| The Blub idea also ignores the fact people can accomplish great things with poor tools. Choosing a minimal tool does not necessarily say anything about you as a developer. In fact, I think the original essay makes quite some unwarranted assumptions: But if you work for a startup that doesn't have pointy-haired bosses yet, you can, like we did, turn the Blub paradox to your advantage: you can use technology that your competitors, glued immovably to the median language, will never be able to match. The median language will probably have a very good ecosystem that allows a small team of developers to quickly leverage. (Of course, someone who is not stuck in a Blub language has the same opportunity.) I think that there are very many counter-examples to the 'blub paradox'. Facebook was written in PHP, Paypal was written in Java, Dropbox was written in Python (which was a Blub language by 2007). Graham's observation that "[languages] dictate the way [developers] think about programs" is the more important lesson to draw from his essay, though it's not exactly a new idea. Indeed, this is a very important lesson, but not foreign to anyone who learnt LISP in the 70ies or Prolog in the 80ies ;). |
Someone once claimed — I forget who and where — that Go was designed at Google precisely so that even average developers could contribute meaningfully and safely within Google's stack.

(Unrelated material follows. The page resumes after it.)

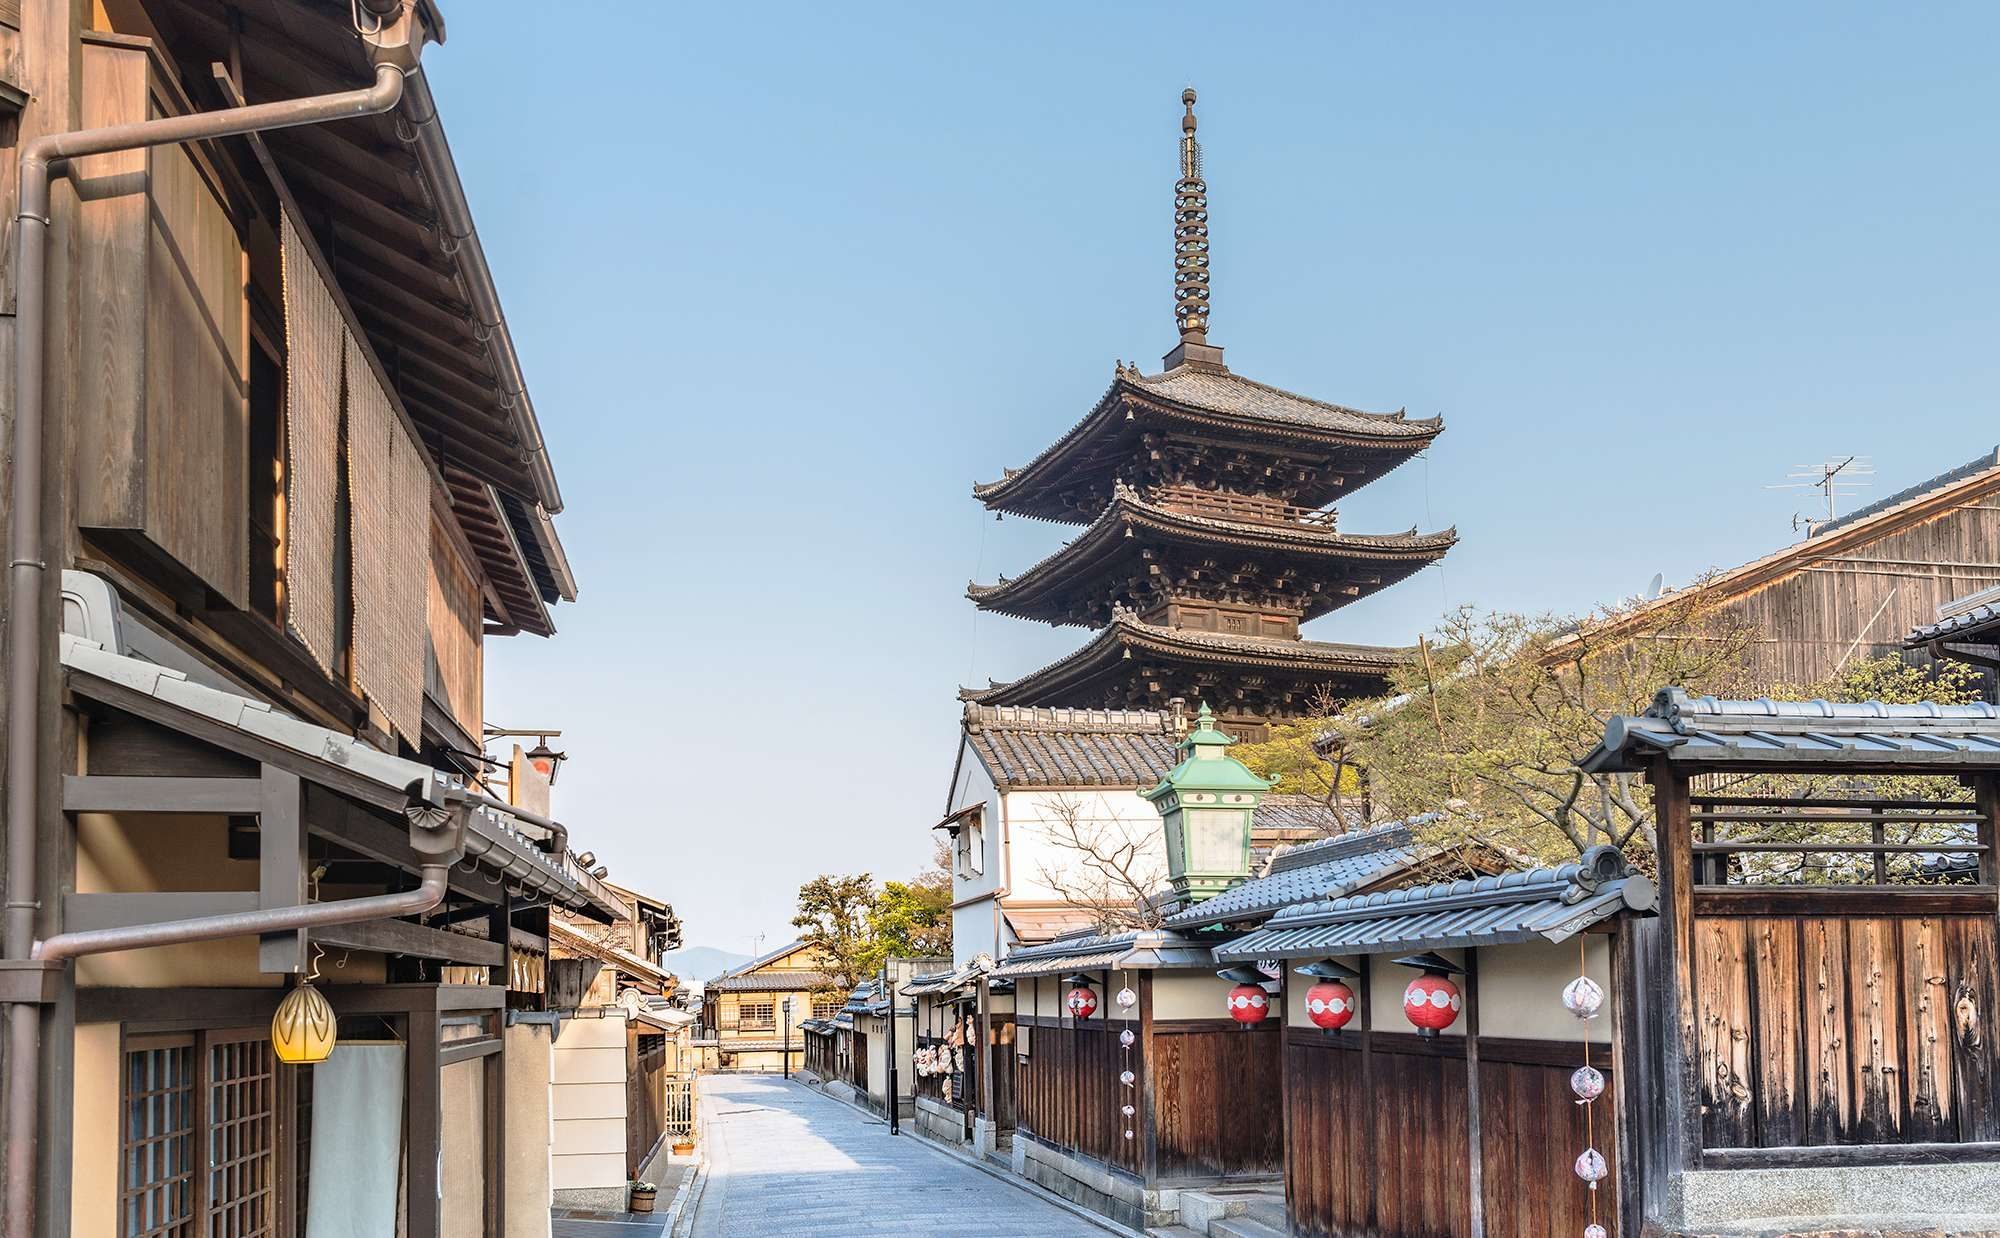 ホームズ 憧れの京都に住みたい 京都市民おすすめの暮らしやすいエリア 暮らし方から物件探し

Of Google's top languages (as far as I know), Java and C++ are complex, and Python has its own idiosynchracies, notable the lack of static typing which leads to a class of potential errors (especially as relates to backwards compatibility between modules) that must be mitigated with super-extensive unit test coverage.
Go, on the other hand, is a very small and simple (easy to ramp up), very strict (hard to screw up) language with an extensive library (max productivity).